Questa attenzione è sicuramente positiva perché contribuisce ad aumentare la conoscenza e a sensibilizzare sempre più persone sul fenomeno. Tuttavia, quando si affronta un tema così complesso senza essersi prima adeguatamente informati, è molto facile cadere in errore, risultare superficiali, o fare della vera e propria disinformazione.
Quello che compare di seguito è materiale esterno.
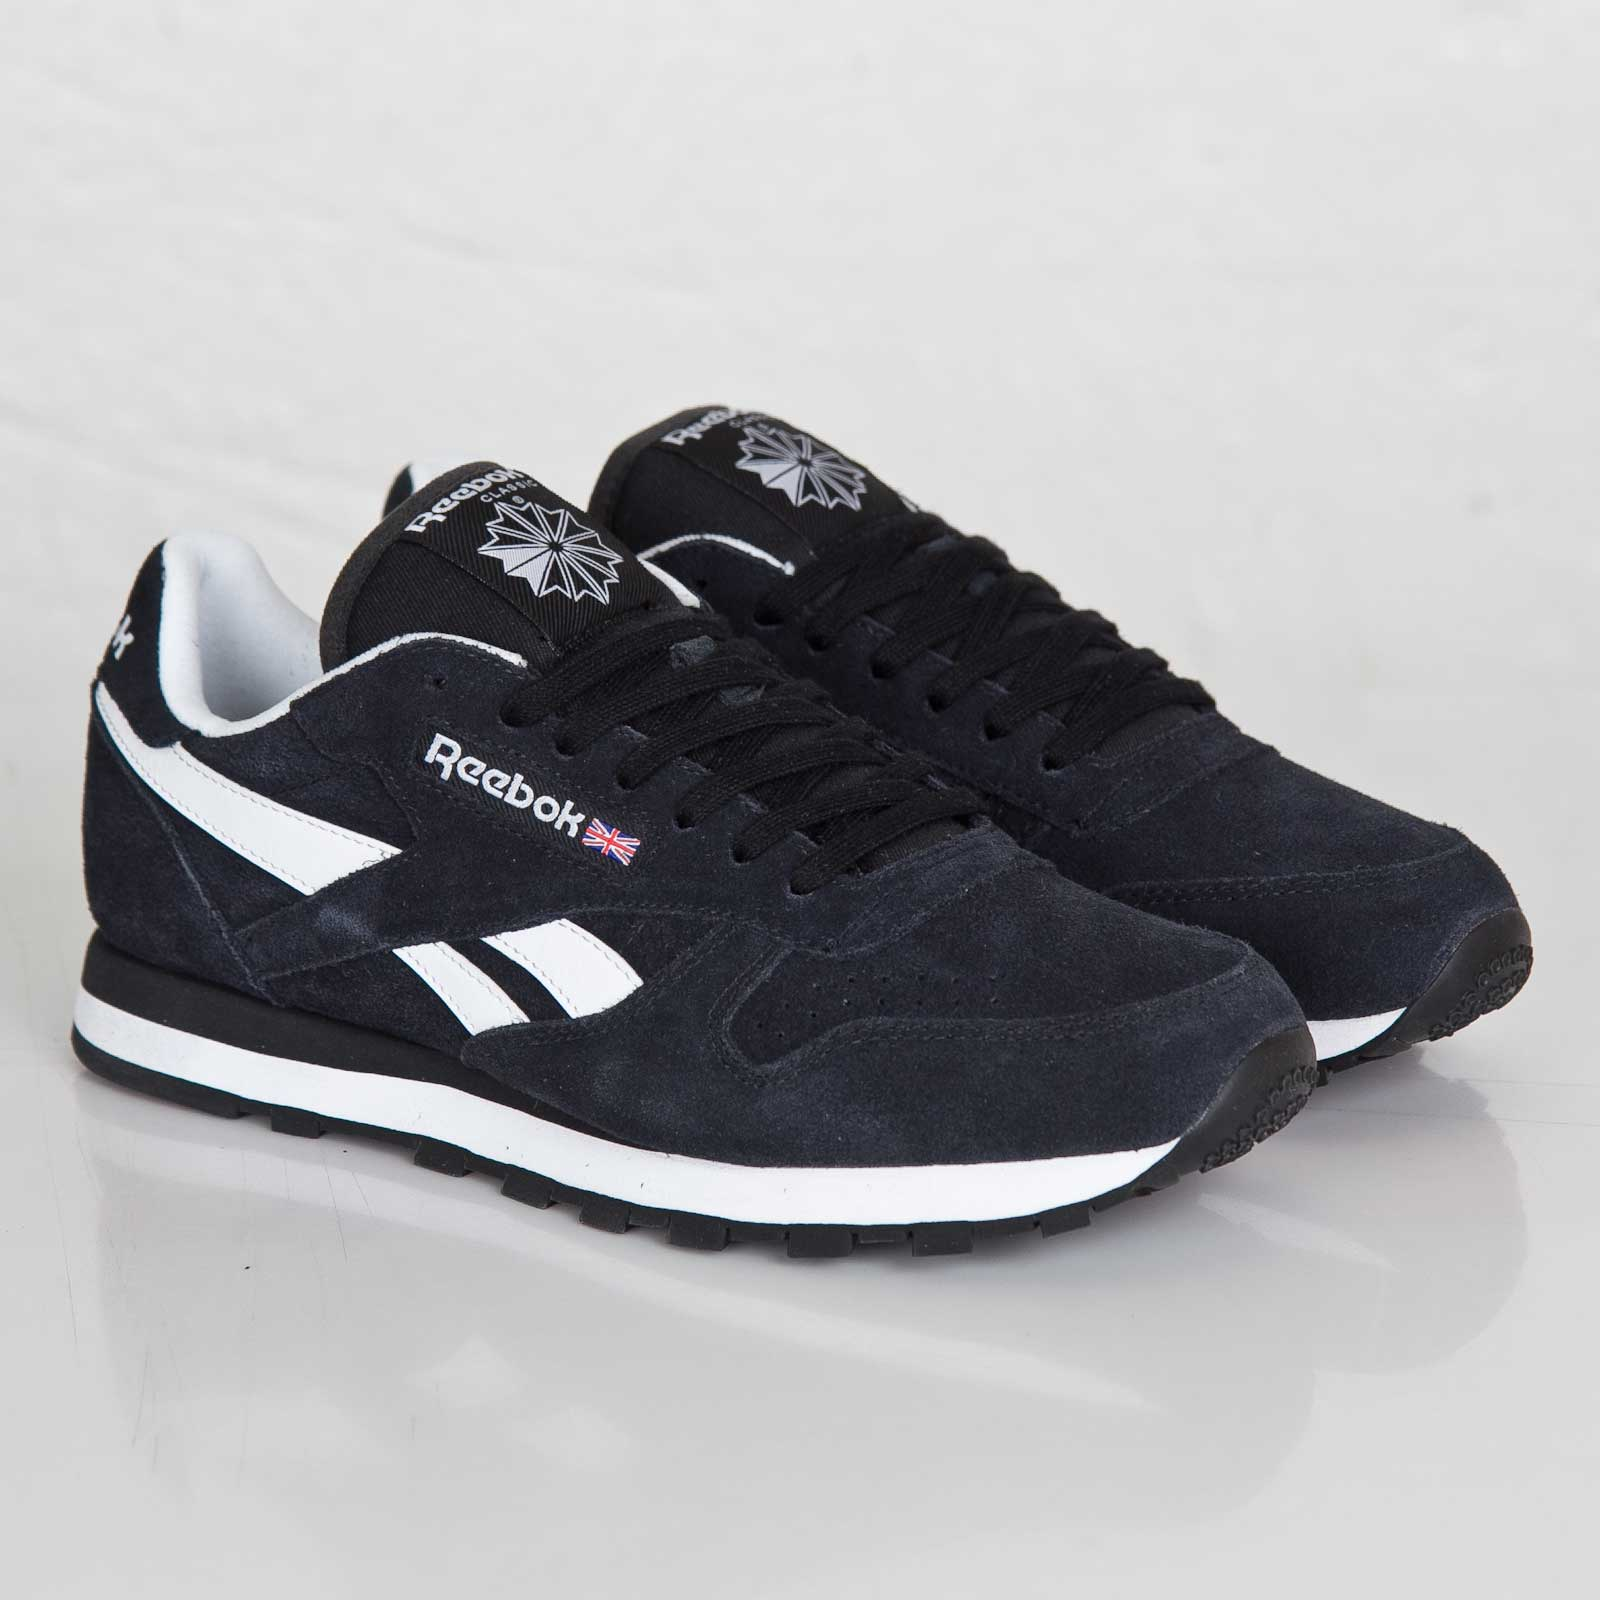 ae4b4ae1b Reebok Classic Leather Suede - M43016 - Sneakersnstuff | sneakers ...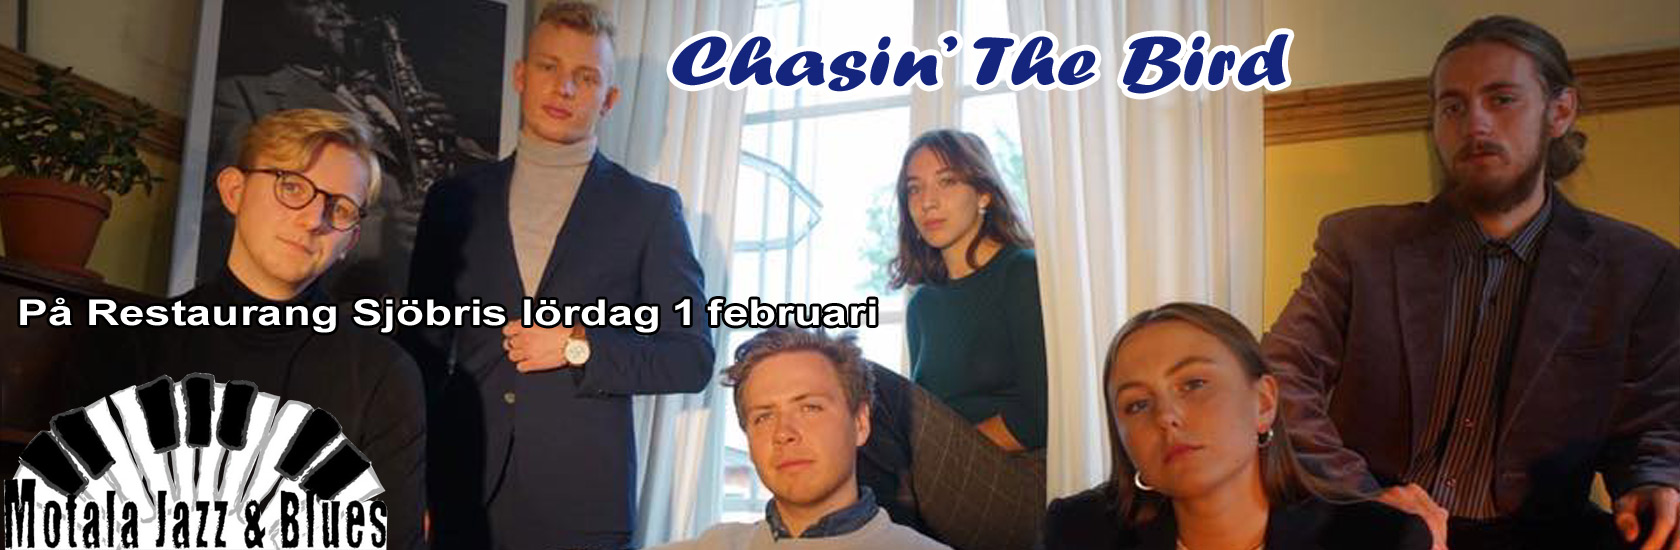 chasin_the_bird

Sempre più spesso l’hikikomori viene scambiato con patologie con cui non ha nulla a che fare, generando una grande confusione intorno al fenomeno e, di fatto, impedendo a coloro si trovano in questa condizione di identificarsi.

Per questo motivo, prima di capire cos’è l’hikikomori, è importante stabilire cosa NON è l’hikikomori.


L’hikikomori non è dipendenza da internet


Come ribadito più volte in questo blog, l'utilizzo del web da parte degli hikikomori è da intendersi come una conseguenza dell'isolamento e non come una causa (ne ho parlato approfonditamente qui).

Il fenomeno è scoppiato in Giappone ben prima della diffusione del personal computer. Questo significa che prima che esistesse internet l'isolamento degli hikikomori era totale. Da questo punto di vista l'utilizzo del web può essere interpretato come un fattore positivo in quanto consente ai ragazzi di continuare a coltivare delle relazioni sociali che altrimenti non avrebbero.




L’hikikomori non è depressione


Secondo molti l'isolamento degli hikikomori sarebbe solamente la conseguenza di uno stato depressivo. Abbiamo già discusso in questo post del perché si tratta di una falsa credenza, nonché di una banale semplificazione. Innanzitutto, come stabilito anche dal Ministero della Salute Giapponese nel 2013, l'hikikomori NON è una malattia (al contrario della depressione). È stata infatti dimostrata l'esistenza di un "hikikomori primario",  ossia un hikikomori che si sviluppa prima e a prescindere da altre patologie; uno stato di ritiro che non deriva da nessun disturbo mentale preesistente.


L’hikikomori non è una fobia sociale


Così come l'isolamento dell'hikikomori non è causato dalla depressione, esso non nemmeno riconducibile semplicemente a un disturbo d'ansia, come, ad esempio, la fobia sociale o l'agorafobia (ovvero la paura degli spazi aperti, dei luoghi pubblici).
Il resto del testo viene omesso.